## TASK GOAL:
Repeat the listing that follows exactly. Pictures are not part of the copy.

## COLLECTED DATA:
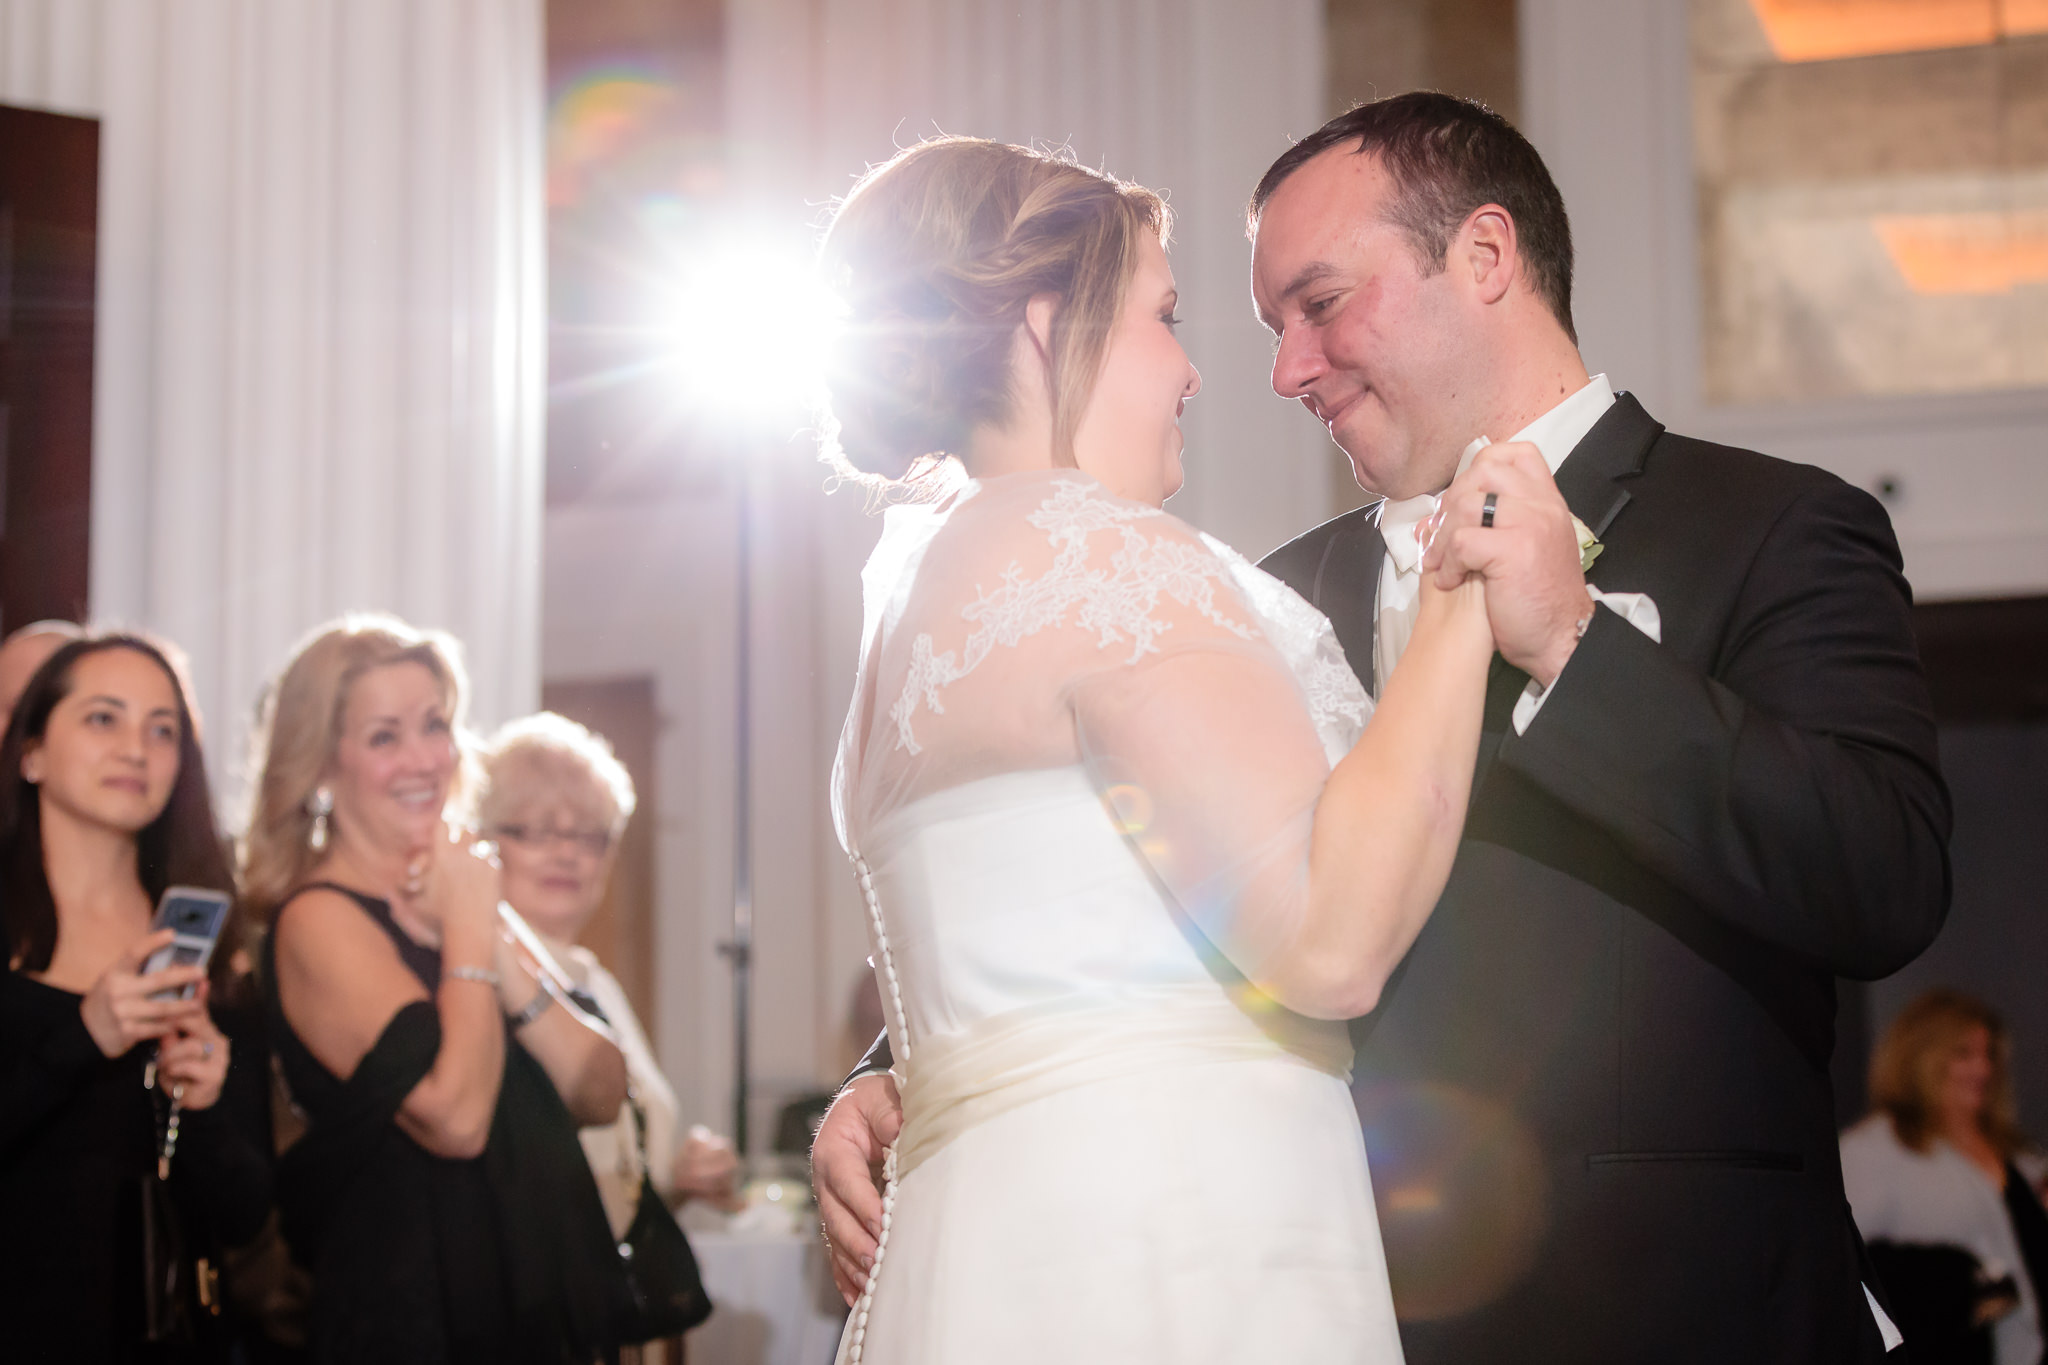 Guests smile as newlyweds share their first dance at Hotel Monaco in Pittsburgh
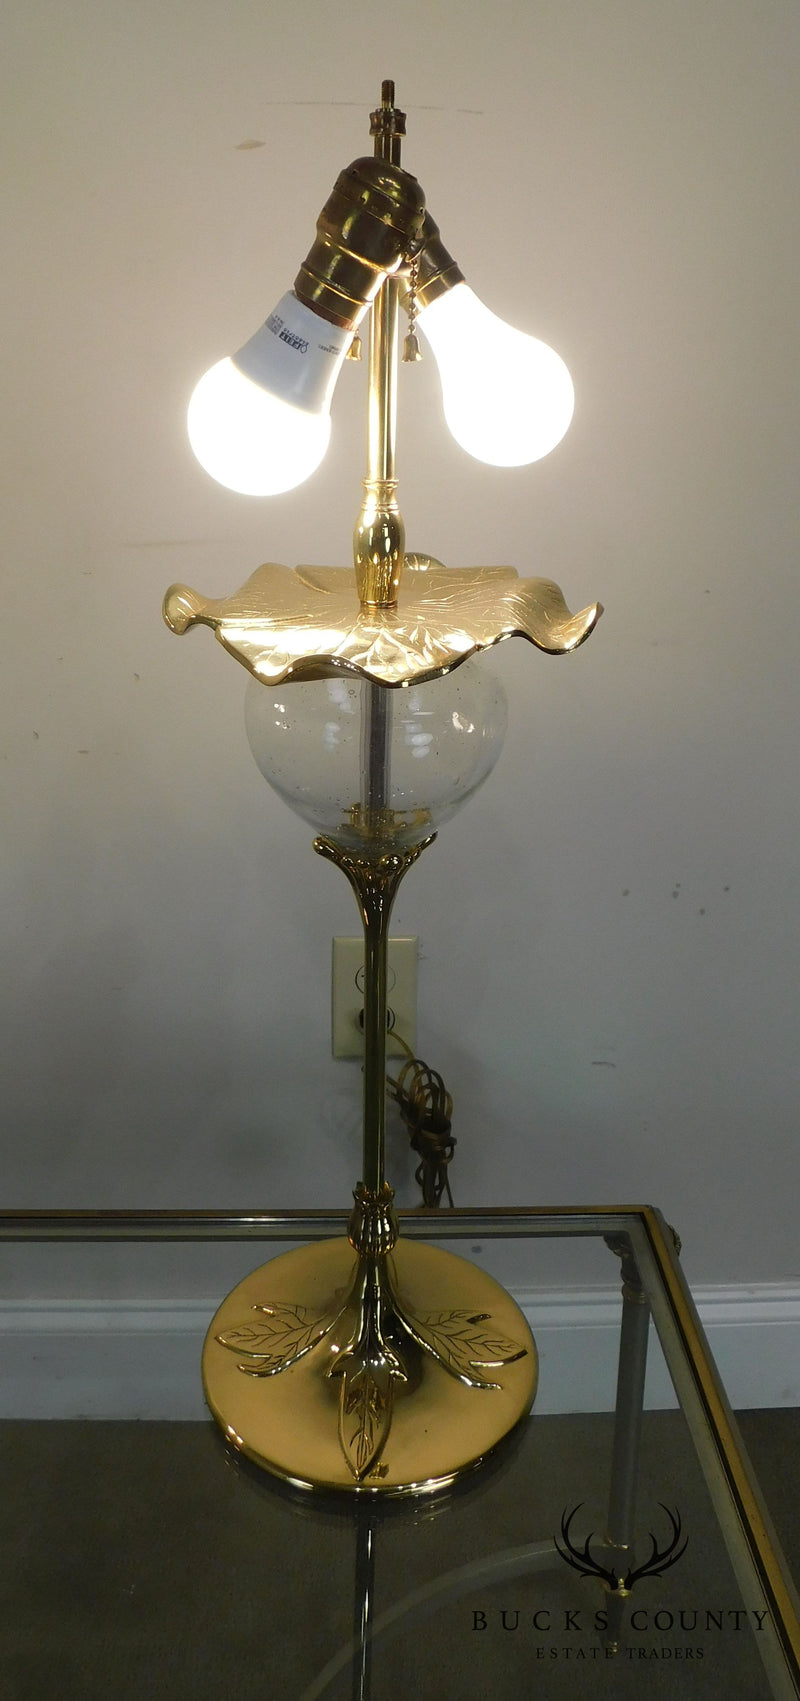 Vintage Pair of Quoizel Brass and Glass Foliate Table Lamps W/Shades
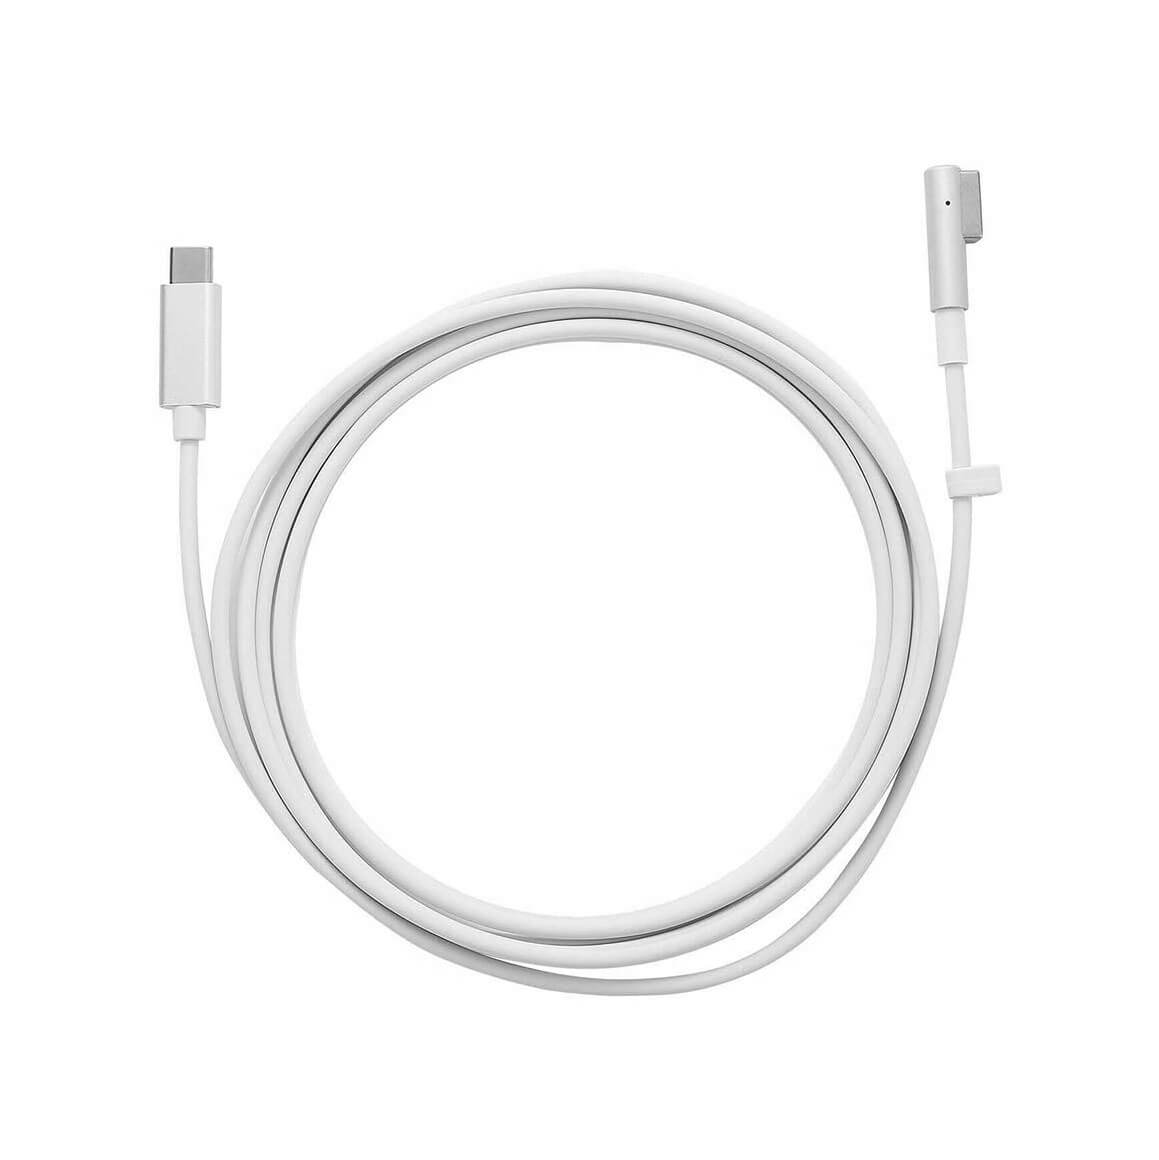 USB-C Type C To Magsafe 1 L-Tip Power Adapter Cable for Macbook Pro / Air
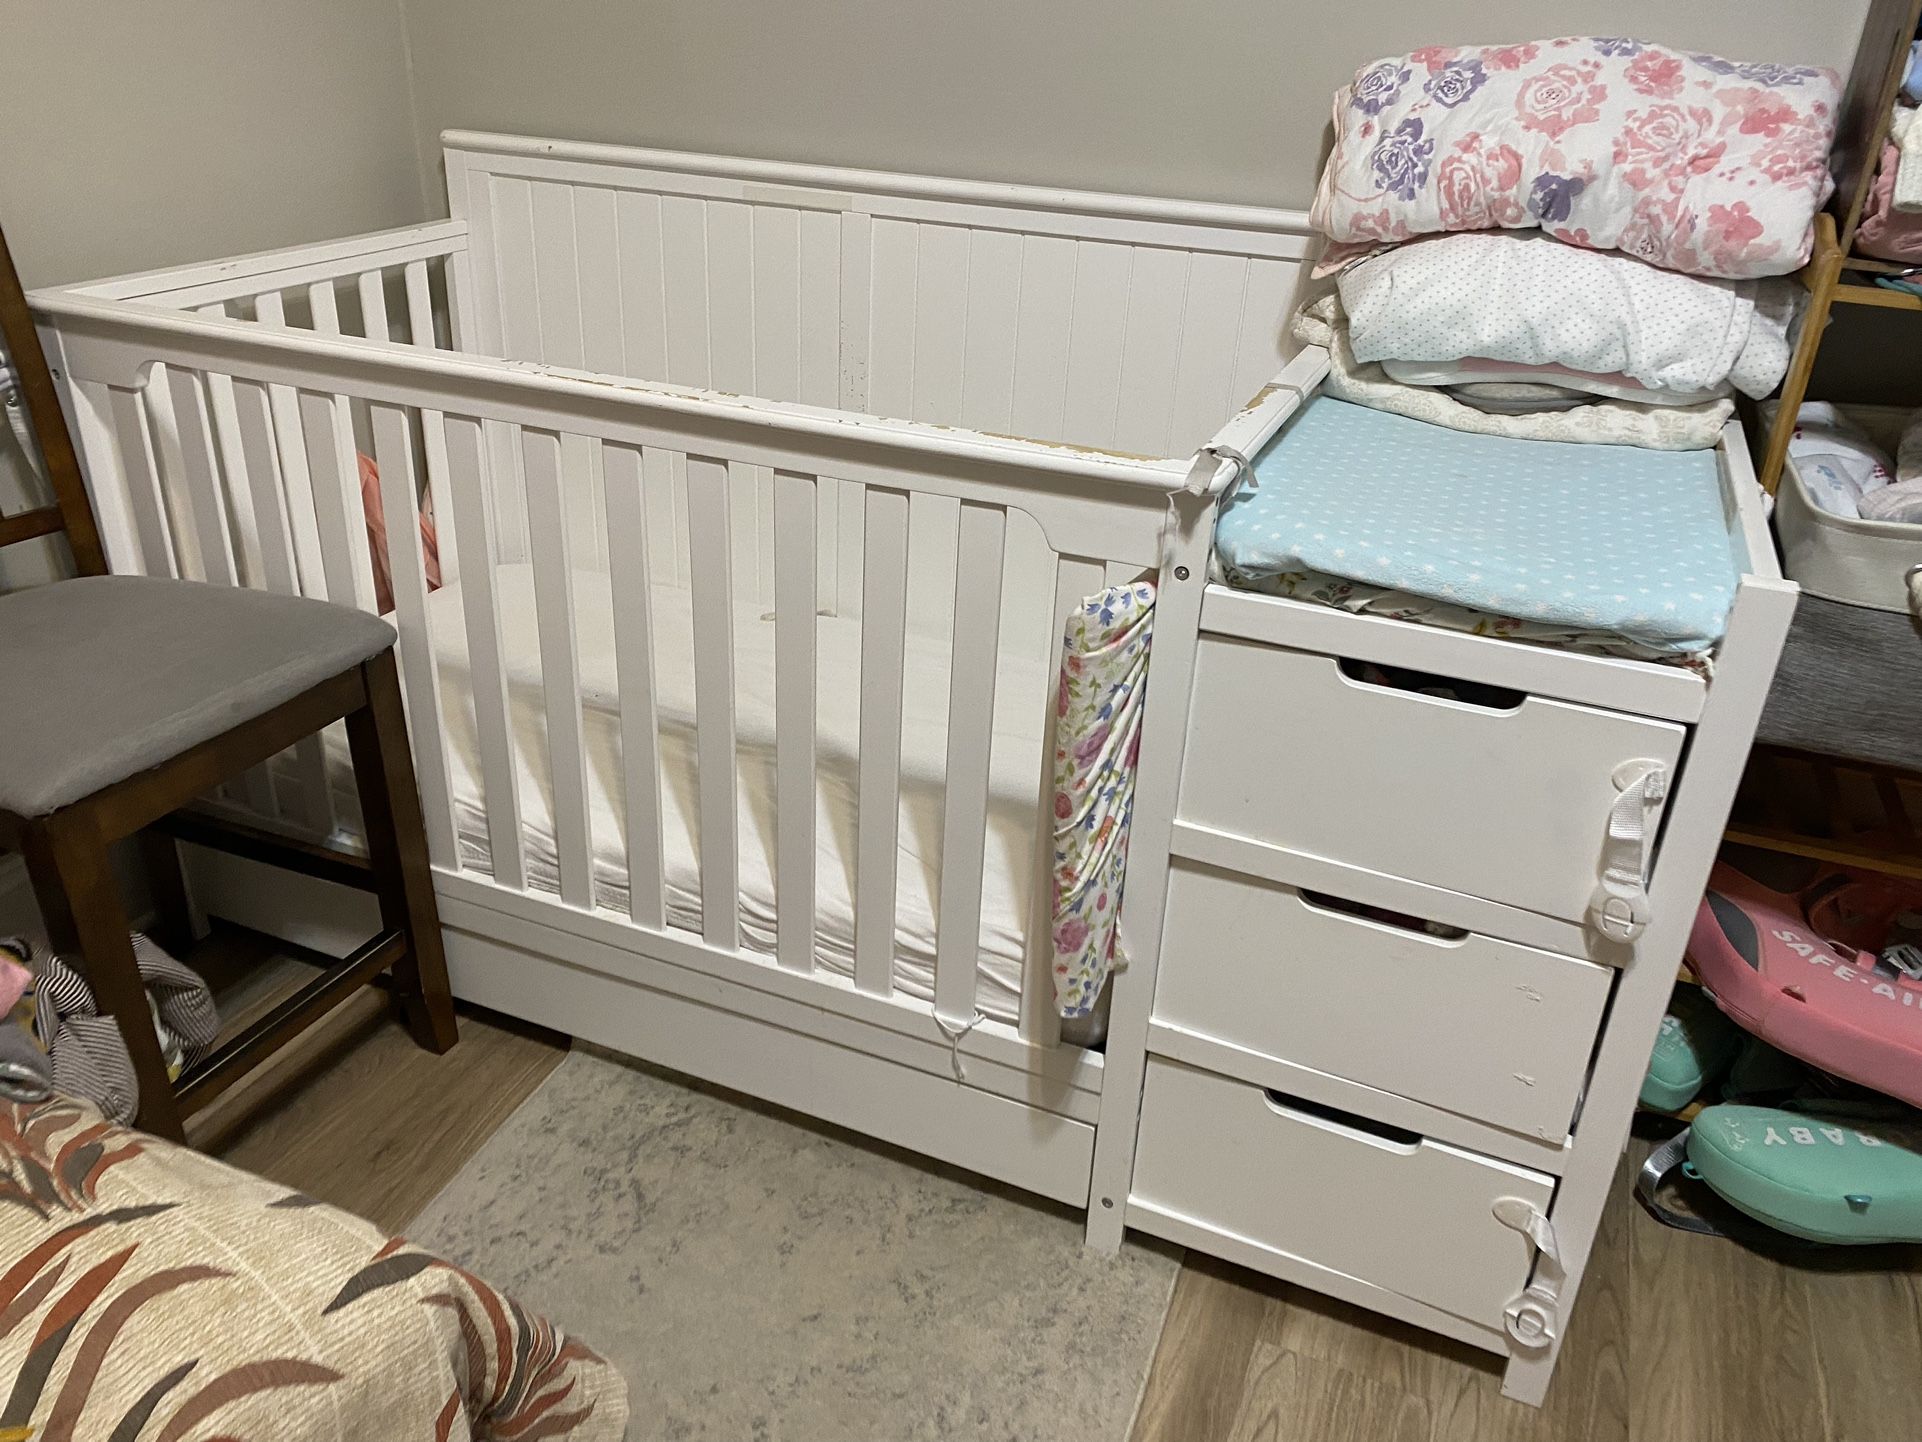 Graco Baby Bed Crib With Matress And Changing Table

## TASK ANSWER:
 Guests smile as newlyweds share their first dance at Hotel Monaco in Pittsburgh
 Vintage Pair of Quoizel Brass and Glass Foliate Table Lamps W/Shades
 USB-C Type C To Magsafe 1 L-Tip Power Adapter Cable for Macbook Pro / Air
 Graco Baby Bed Crib With Matress And Changing Table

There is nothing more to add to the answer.